Year of pandemic: Faith leaders experience grief, solace, resilience
In a pandemic-wracked year, religious leaders and spiritual counselors across the U.S. ministered to the ill, fed the hungry, consoled the bereaved. Some did so while recovering from COVID-19 themselves or mourning the loss of their own family members and friends.
At times, they despaired. So many people got sick, so many died, and these faith leaders couldn’t hug the ailing and the grieving, or hold their hands.
For safety’s sake, their congregations were kept away from in-person services for months, but the need to minister to them only intensified.

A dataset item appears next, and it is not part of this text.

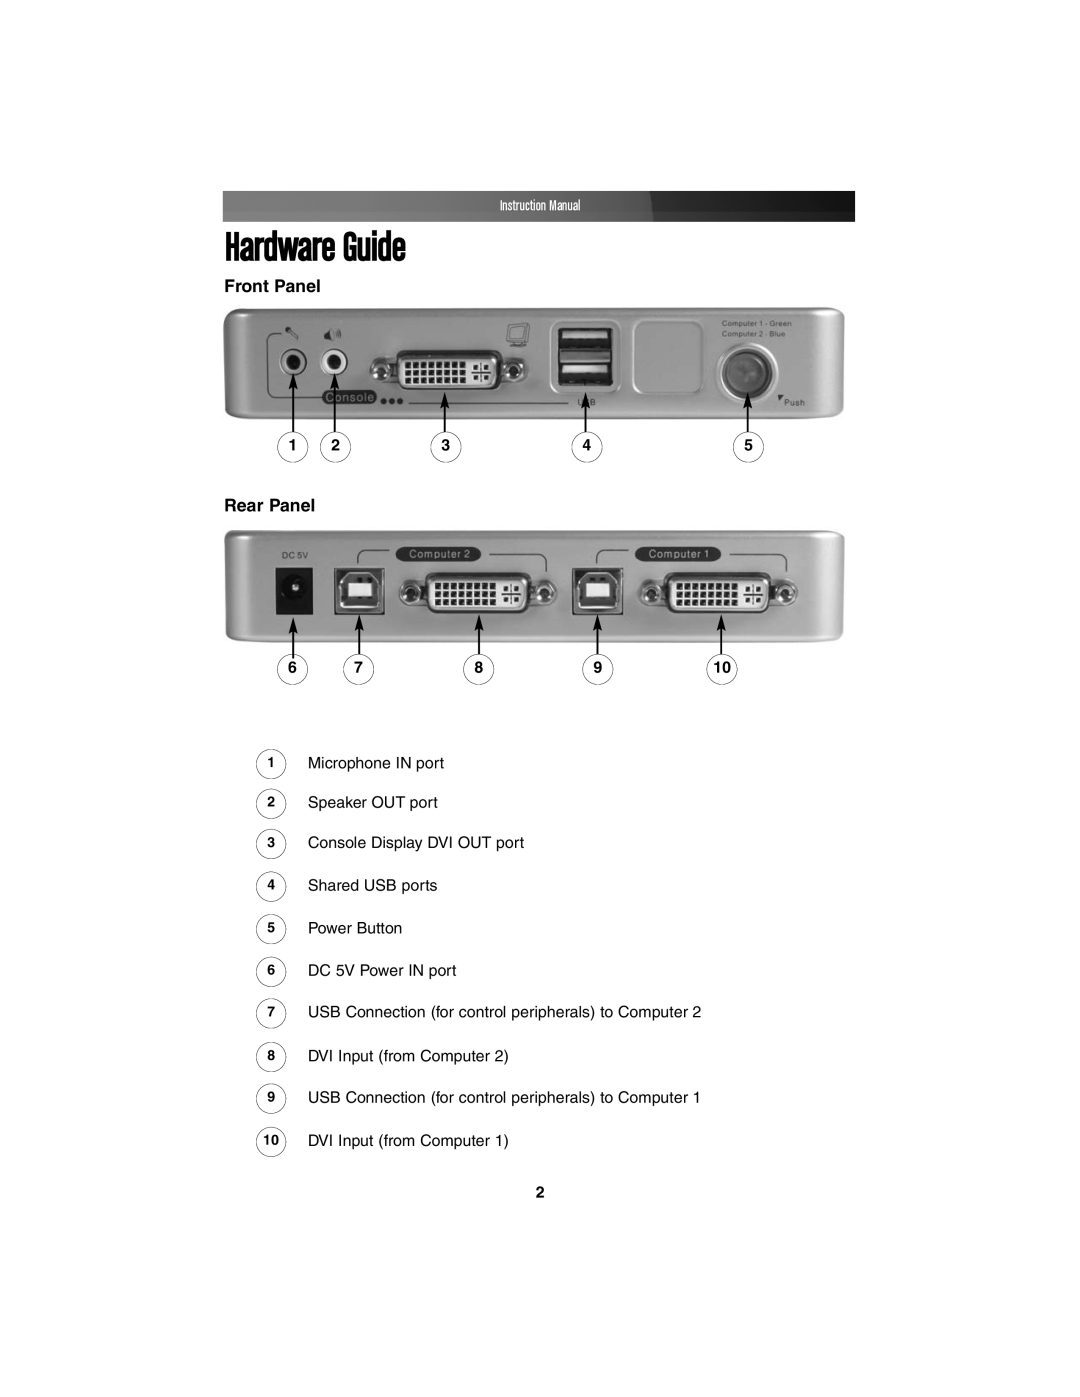 StarTech.com SV211KDVI instruction manual Hardware Guide, Front Panel, Rear Panel, Instruction Manual

Amid the grief and anxiety, these faith leaders showed resilience and found reasons for hope as they re-imagined their mission. Here are some of their reflections on a trying year.
Losses
In the early weeks of the pandemic, the Rev. Joseph Dutan lost his father to the coronavirus. Days earlier Dutan’s mentor and friend, 49-year-old Jorge Ortiz-Garay, had become the first Roman Catholic priest in the U.S. to die from COVID-19.
Dutan felt grief, fear, even doubt. He mourned his father while consoling the community of St. Brigid, a Catholic church in an area straddling Brooklyn and Queens that had among the highest infection rates in New York City. His grief, he said, made him better able to help others enduring similar pain.
“When they come in for a funeral Mass of a loved one ... I feel I can relate to them, I can cry with them,” Dutan said. “I comfort them and tell them: ‘Things are going to be all right. We’re not alone; we’re in this together.’”
In the San Fernando Valley area of Los Angeles, Rabbi Noah Farkas said the pandemic’s toll has been particularly severe among the many older adults in his Valley Beth Shalom congregation.
He estimated that 25 to 50 of its roughly 5,000 members lost their lives to COVID-19 — and even more died, predominantly older congregants, “because COVID created a life situation that was untenable.”
Many were isolated in their rooms at assistedcare facilities, he said. “There was suicide, drug addiction, exhaustion — all the things you can think of when mental health deteriorates.”
Farkas conducted 20 funerals in January alone, as California was hit by a wave of infections, always wearing a mask and sometimes a face shield. He was saddened by the inability to hug mourners.
Among the hardest-hit churches has been Saint Peter’s Lutheran Church in New York City. Its leaders say more than 60 members of the congregation of about 800 have died of COVID-19. Almost all were part of the community of some 400 who attended services in Spanish.
Bishop Paul Egensteiner, who oversees Saint Peter’s and other New York City-area congregations of the Evangelical Lutheran Church in America, said the emotional toll on pastors has been heavy.
“They couldn’t go anywhere, couldn’t take vacation,” he said. “It’s been a great strain — trying to figure out how we’re going to keep people connected, how we’re going to do worship and hospital visits.”
Brooklyn mosque
Imam Ahmed Ali of IQRA Masjid Community & Tradition, a mosque and community center in Brooklyn, sprang into action in late March after a funeral home called asking for his help to retrieve from hospitals the bodies of people who died of COVID-19 and give them burial rites. Ali was scared of the fast-spreading virus, like others, but he felt a calling to serve God and his religious duty.
He began putting in volunteer shifts of up to 20 hours transporting bodies, putting them in freezers in the funeral home, washing and enshrouding them in white cloth and taking them to cemeteries for burial.
Typically he performs the janazah, or funeral, prayer only a few times a year. At the height of the crisis in New York City, he was doing as many as 20 in a single day, and over about three months, he oversaw or took part in nearly 300 burials in all.
“It was a really challenging time, and it was a great loss for every community,” Ali said. “I pray that we don’t have to see that kind of pandemic again.”
Friendswood United Methodist Church, in the suburbs of Houston, has been spared a heavy death toll.
But one active member of the 900-strong congregation who did die of COVID-19 was “a pillar of the church” who served on many of its boards and committees and won friends for his good humor and generosity, said Jim Bass, the pastor.
“He was 74 but no underlying health conditions that we knew of,” Bass said. “When he became sick, for us in the congregation it really hit home.”